Было известно, что Волков никому не даёт слушать магнитофонные записи своих разговоров с Бродским. Даже радиостанциям, на которых он выступал с различными передачами об американской и русской культуре, он отказывал в просьбах включить подлинный голос поэта в трансляцию. Проверить его никто не может. Но есть одна черта в его книге, которая выдаёт неполноту создаваемого им образа: его собеседник не произносит ни одной шутки. Все, кто общался с Бродским, помнят, как жаден он был до всего смешного, как очаровательно и блистательно шутил. Его интервью, дававшиеся другим журналистам, собранные в большой том Валентиной Полухиной[39], переполнены юмором и иронией. К сожалению, Волков сам лишён чувства смешного и неспособен расслышать его в другом. Не исключено, что на магнитофонных лентах сохранились и какие-нибудь сарказмы Бродского в адрес его собеседника. Разве можно это обнародовать?
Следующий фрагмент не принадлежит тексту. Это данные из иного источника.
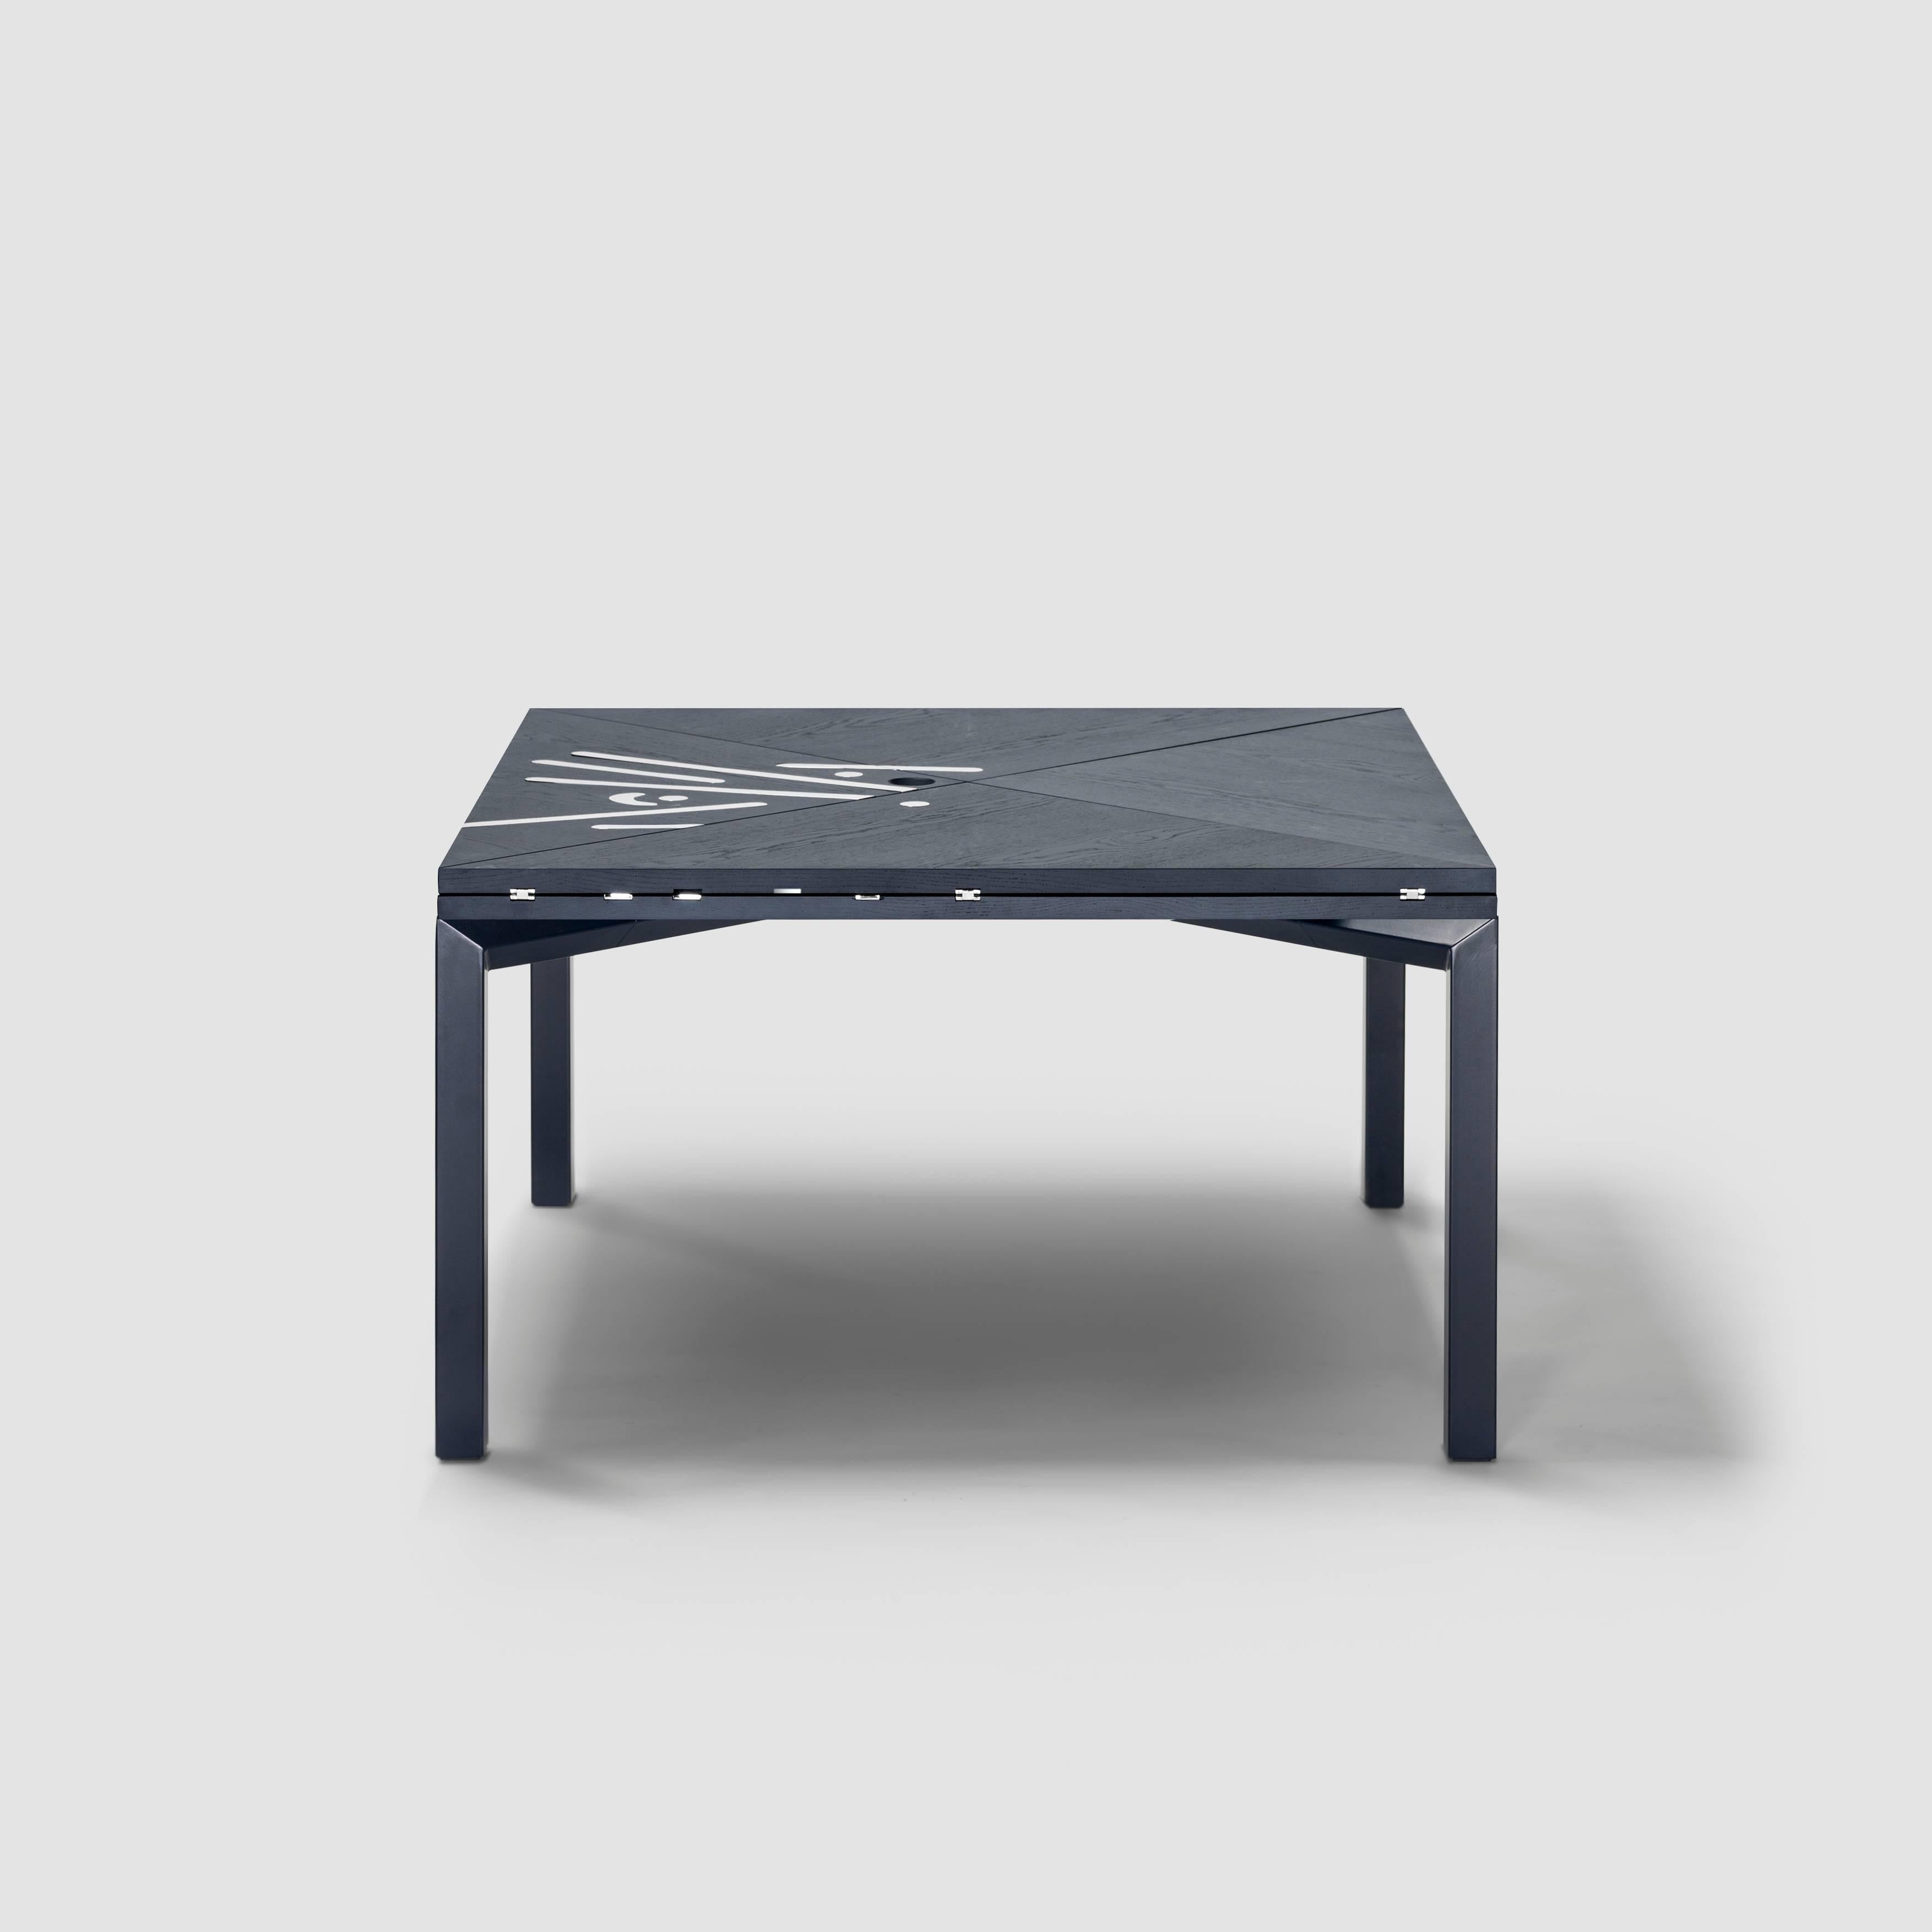 Mid-Century Modern Limited Edition Alella Table by Lluis Clotet

Копии имевшихся у меня писем Бродского я отправил вдове, Марии Бродской-Соццани, оригиналы сдал в Бахметьевский архив Колумбийского университета. Там они попались на глаза исследователям, и те обратили внимание на короткую записку, дававшую «Эрмитажу» право печатать «Разговоры» после исправления «стилистической лажи». Естественно у всех возник вопрос: почему Волков не принял это условие и тянул десять лет? Встревоженный нападками рецензентов, Волков потребовал у меня копию записки. Я послал её ему с таким призывом:
«Надеюсь, Вы теперь увидите, почему я не хотел в своё время показывать её Вам: там содержатся обидные для Вас эпитеты, которые Бродский использовал, имея в виду, что письмо не попадёт Вам на глаза. Он не хотел обижать Вас — просто писал в свойственном ему стиле... Не знаю, какую пользу Вы можете извлечь из этого документа. Бродский проявил готовность опубликовать свои интервью в “Эрмитаже”, но выразил вполне естественное пожелание — просмотреть текст перед публикацией. То, что Вы после этого отказались печатать книгу, было непонятно тогда, остаётся необъяснимым и сегодня».
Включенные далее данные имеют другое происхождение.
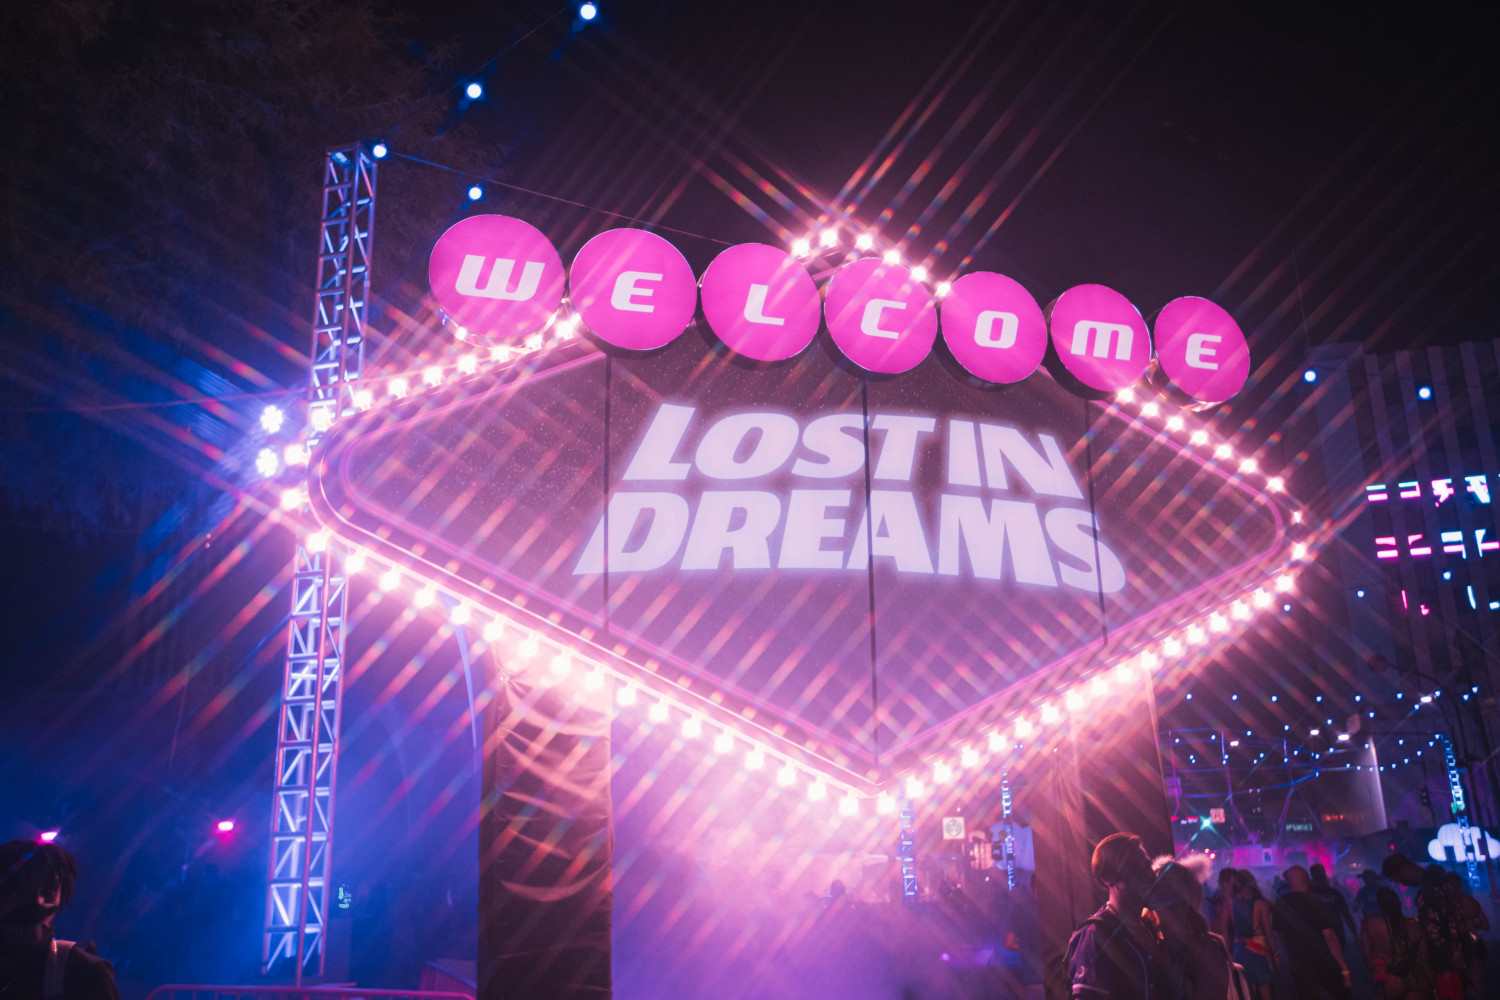 Insomniac's First Lost In Dreams Festival Turned Las Vegas Into A Melodic Dreamscape Feat Seven Lions, Elephante, Dabin, and More

В конце я призывал Волкова «взять нотой выше» и забыть взаимные обиды. Призыв не подействовал — какое-то время спустя Волков позвонил и торжественно объявил, что считает меня виновником всех отрицательных отзывов на его творения.
История русской культуры стала главной темой книг Волкова, и он упивается ролью швейцара, который может не пускать туда неугодных ему. В «Разговоры с Бродским» не попали Ефим Эткинд, защищавший поэта на суде, Владимир Марамзин и Михаил Хейфец, попавшие в тюрьму за собирание его стихов, и многие другие. На вопрос о Солженицыне будущий нобелевский лауреат отвечает: «Про этого господина и говорить неохота»[40]. Но в полном собрании интервью Бродский говорит о Солженицыне много раз с огромным уважением, называет его «Гомером советской власти». Читаю «Историю культуры Петербурга» и вдруг напарываюсь на цитату, которая мне очень нравится. Батюшки светы — да это же из моей статьи! Но ссылки на автора нет, указано только название сборника, откуда взят текст.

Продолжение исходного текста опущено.